GIVEN RECORDS:

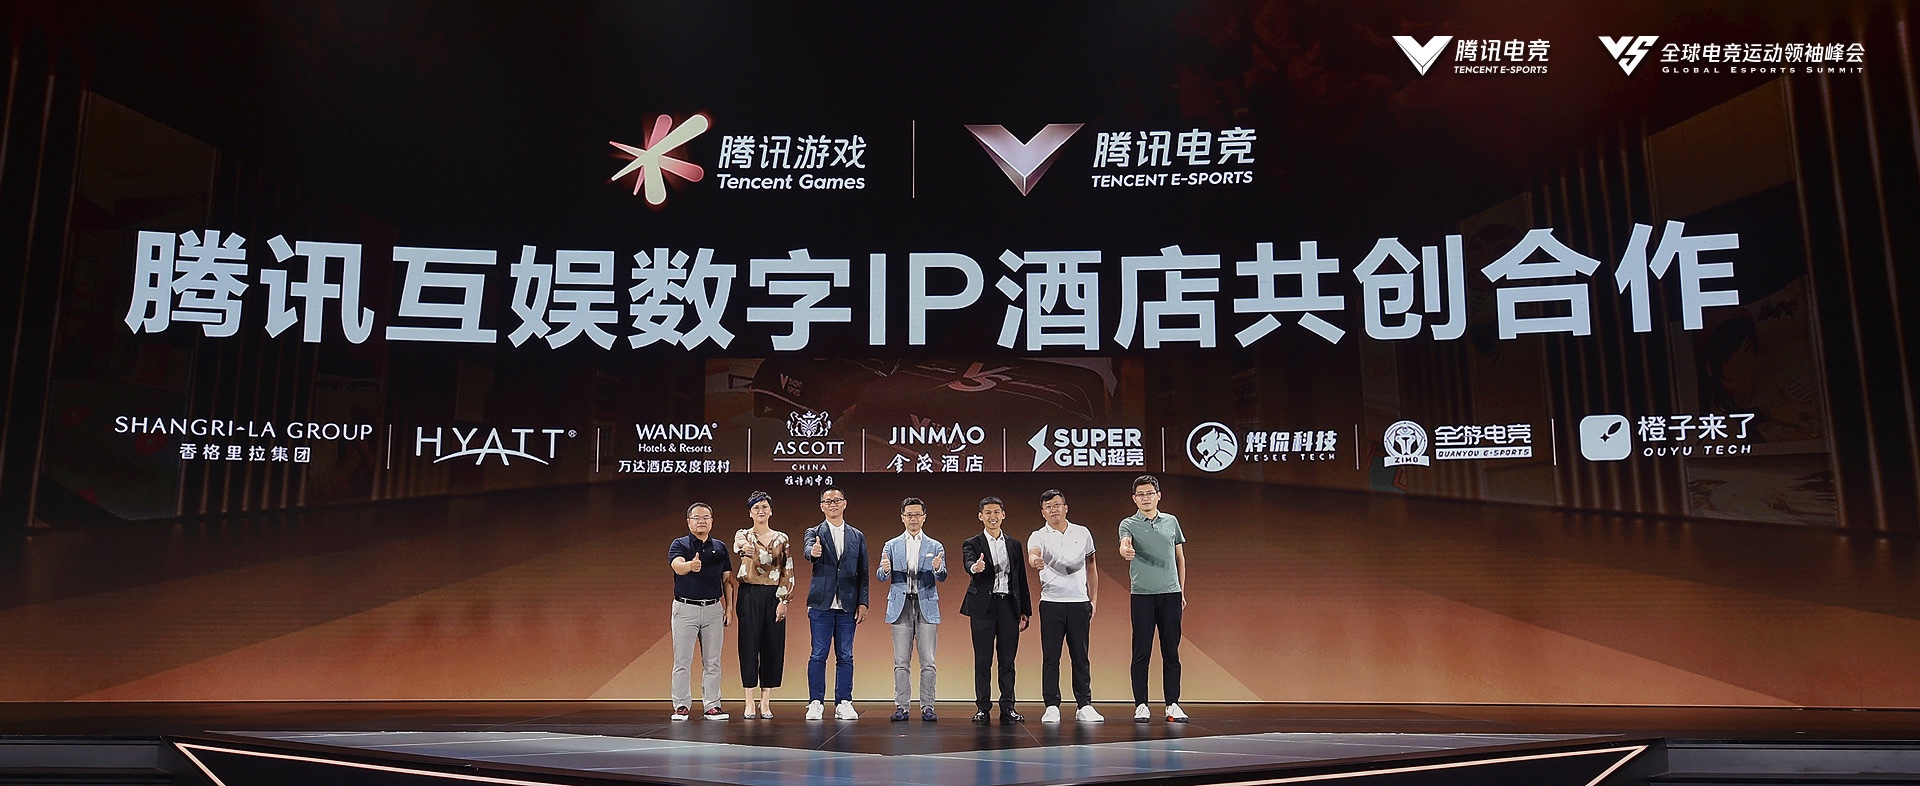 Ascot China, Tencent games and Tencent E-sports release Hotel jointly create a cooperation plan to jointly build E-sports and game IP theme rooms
...
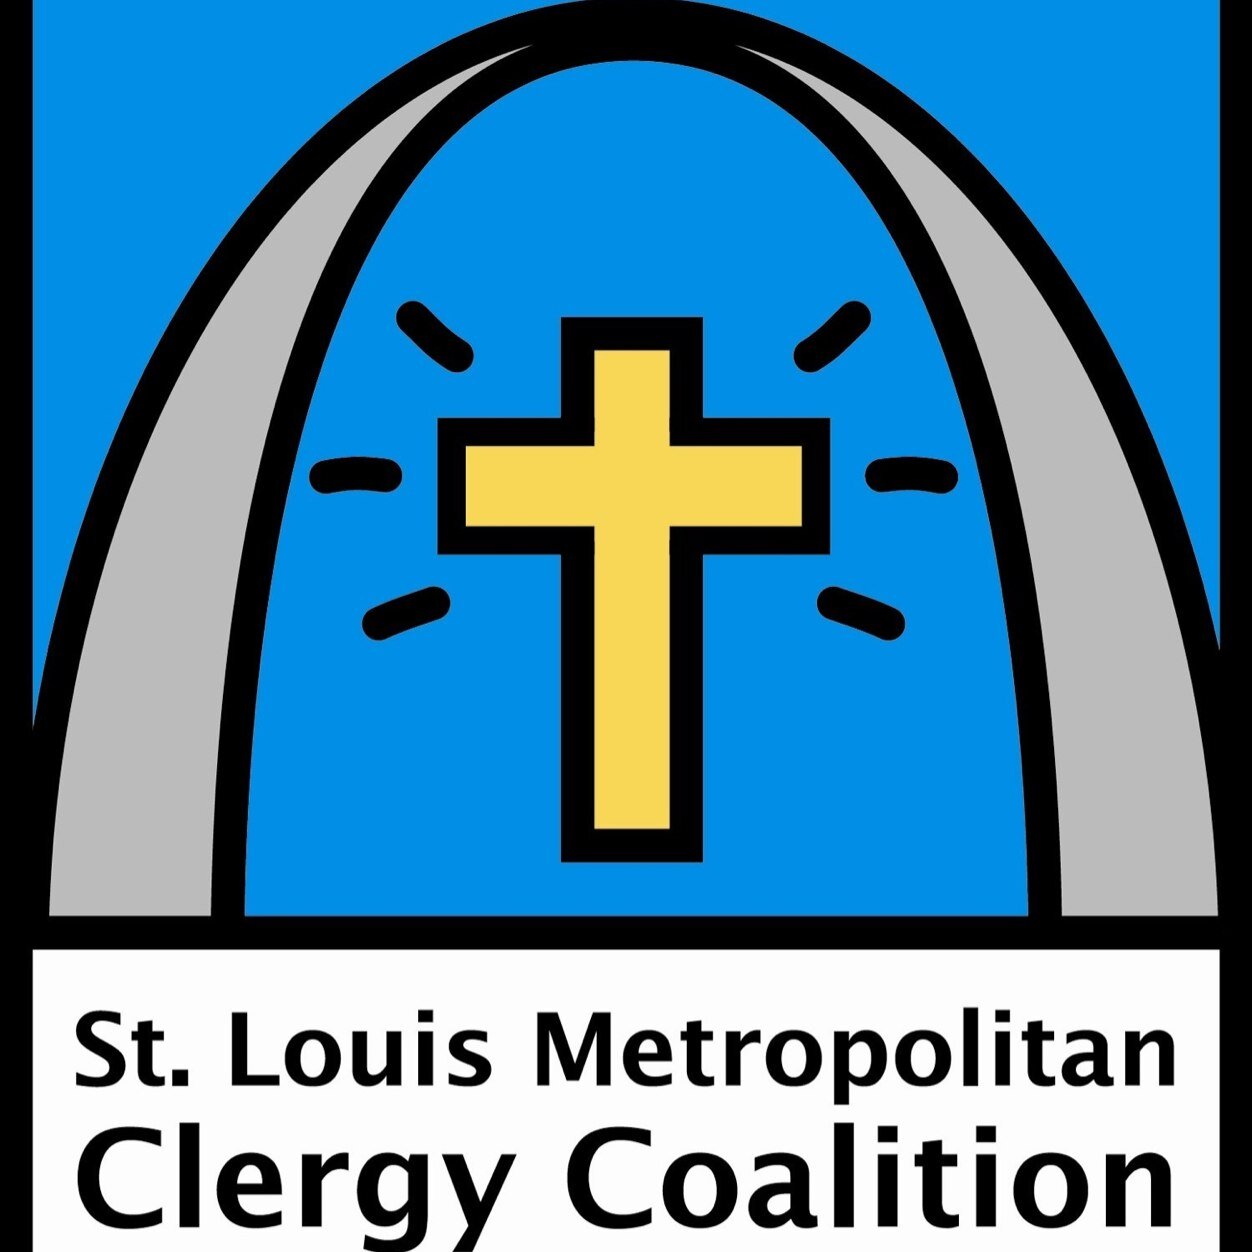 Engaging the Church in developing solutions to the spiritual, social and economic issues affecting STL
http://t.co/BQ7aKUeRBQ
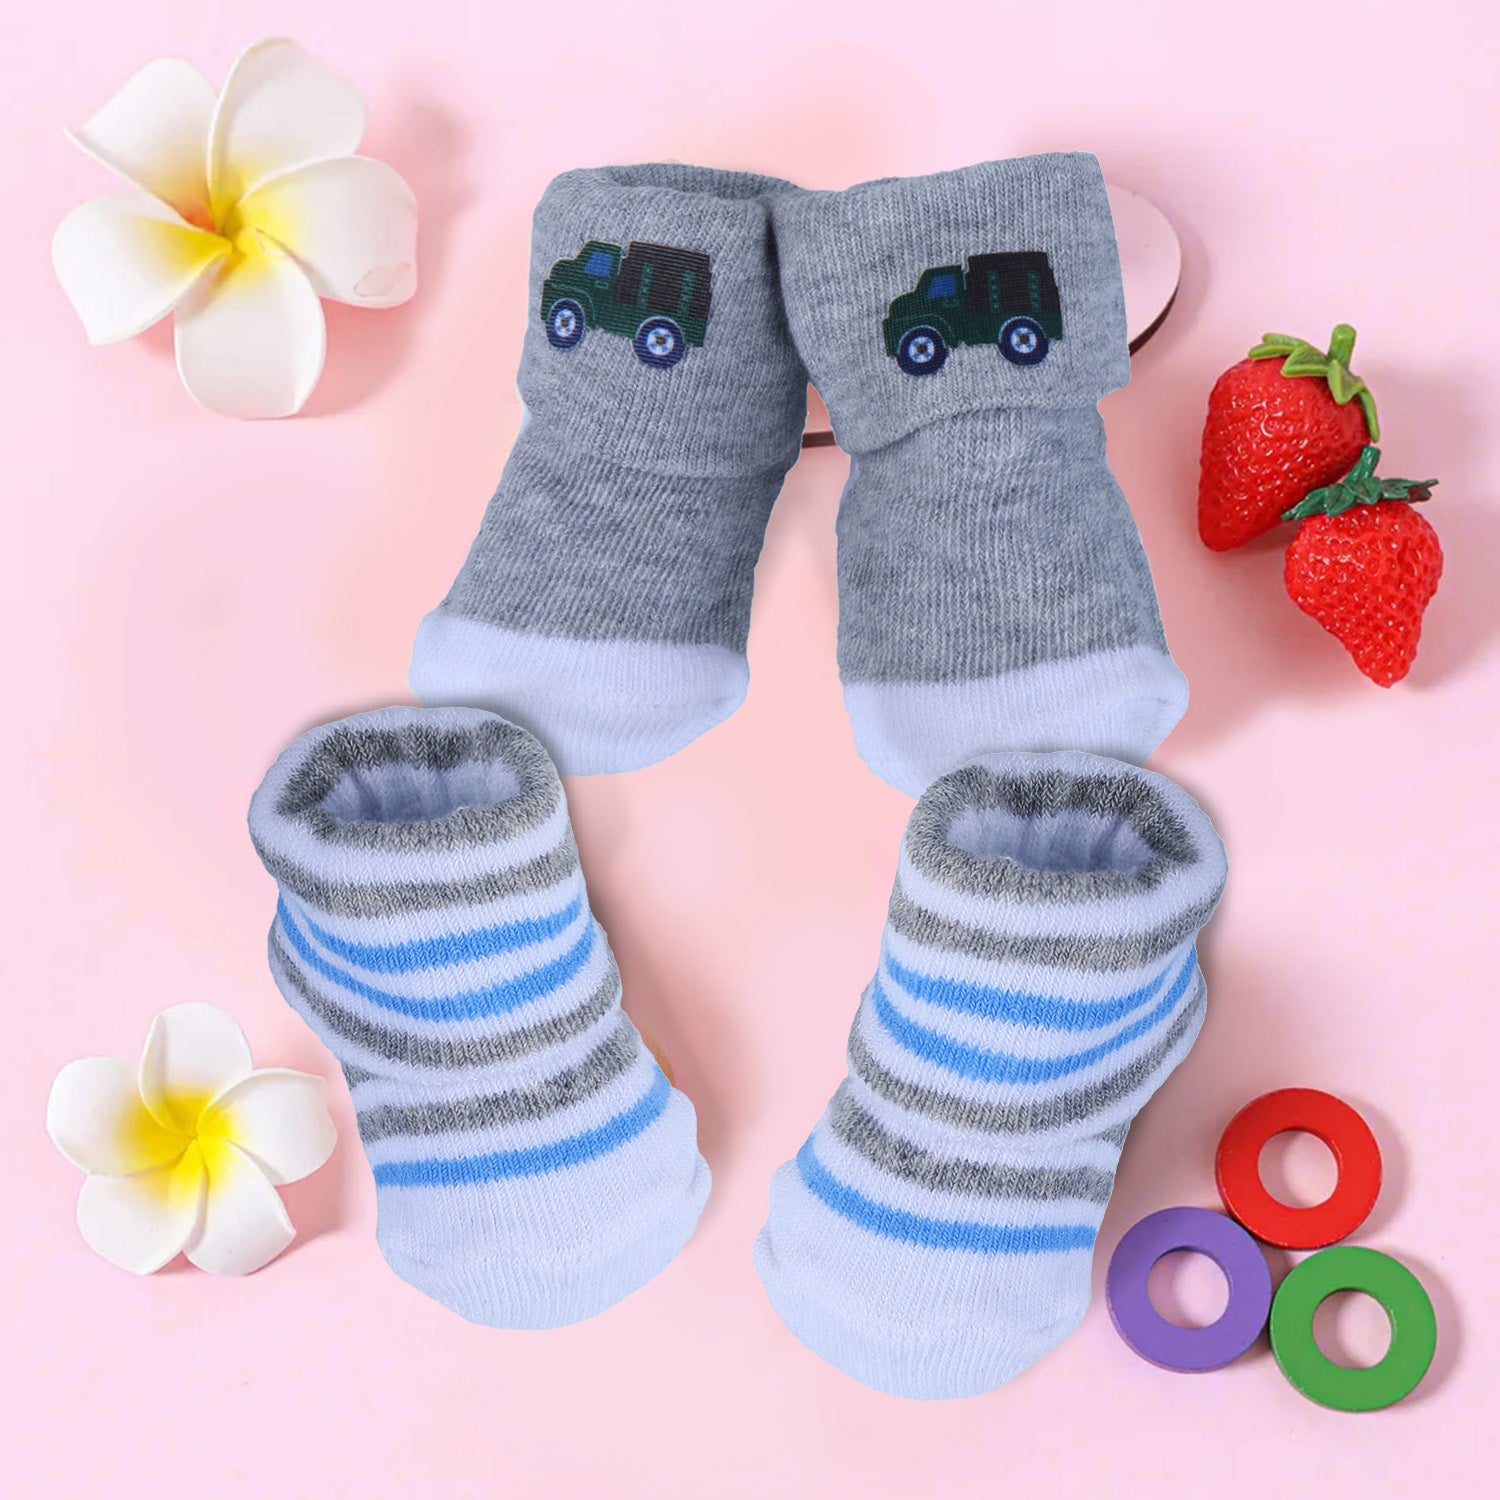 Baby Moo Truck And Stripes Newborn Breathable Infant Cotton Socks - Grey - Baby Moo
==
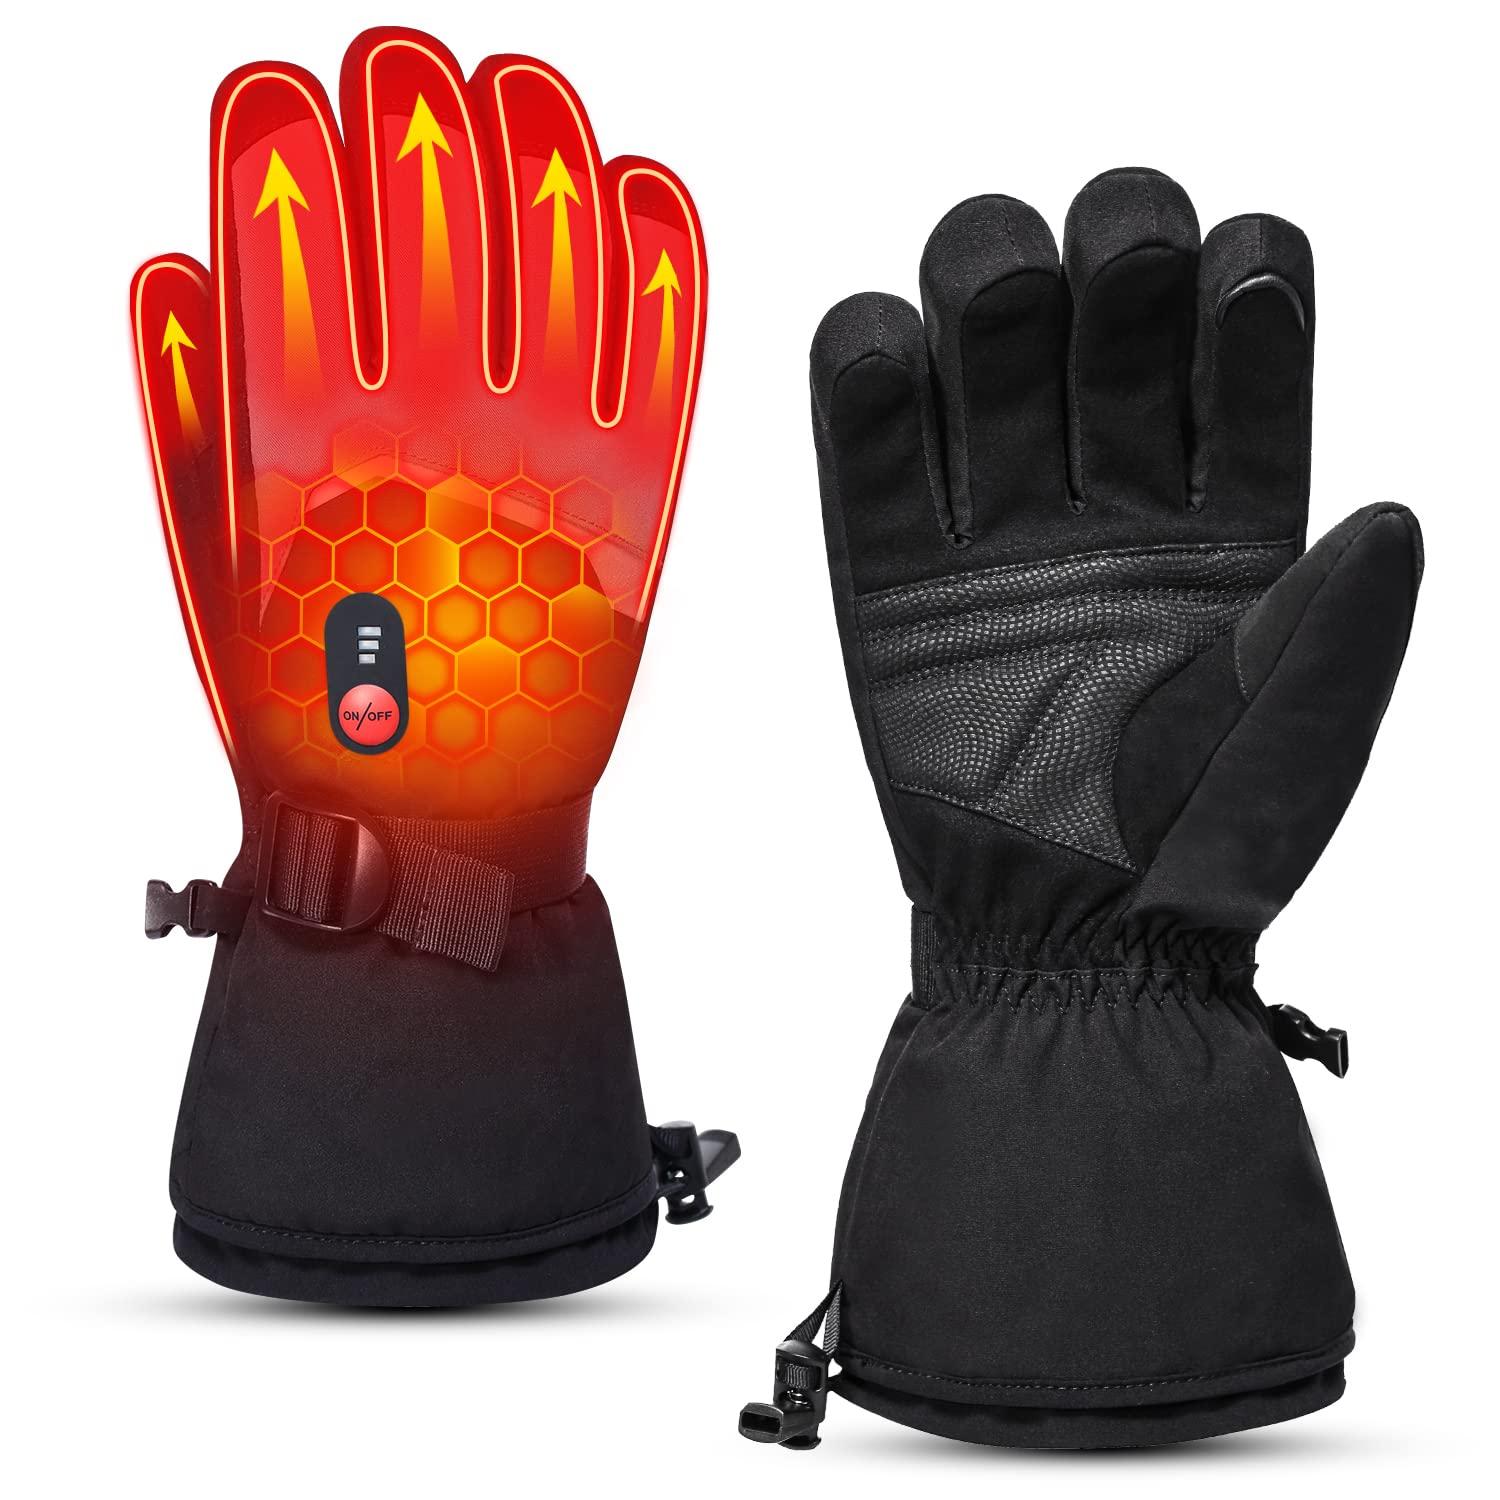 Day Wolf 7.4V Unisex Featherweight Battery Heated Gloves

YOUR TASK:
Though the entries above contain pictures, none should be copied; reproduce only the lines between the one holding "http://t.co/BQ7aKUeRBQ" and the one holding "Baby Moo Truck", inclusive, exactly as written.

ANSWER TO THE EXERCISE:
http://t.co/BQ7aKUeRBQ
 Baby Moo Truck And Stripes Newborn Breathable Infant Cotton Socks - Grey - Baby Moo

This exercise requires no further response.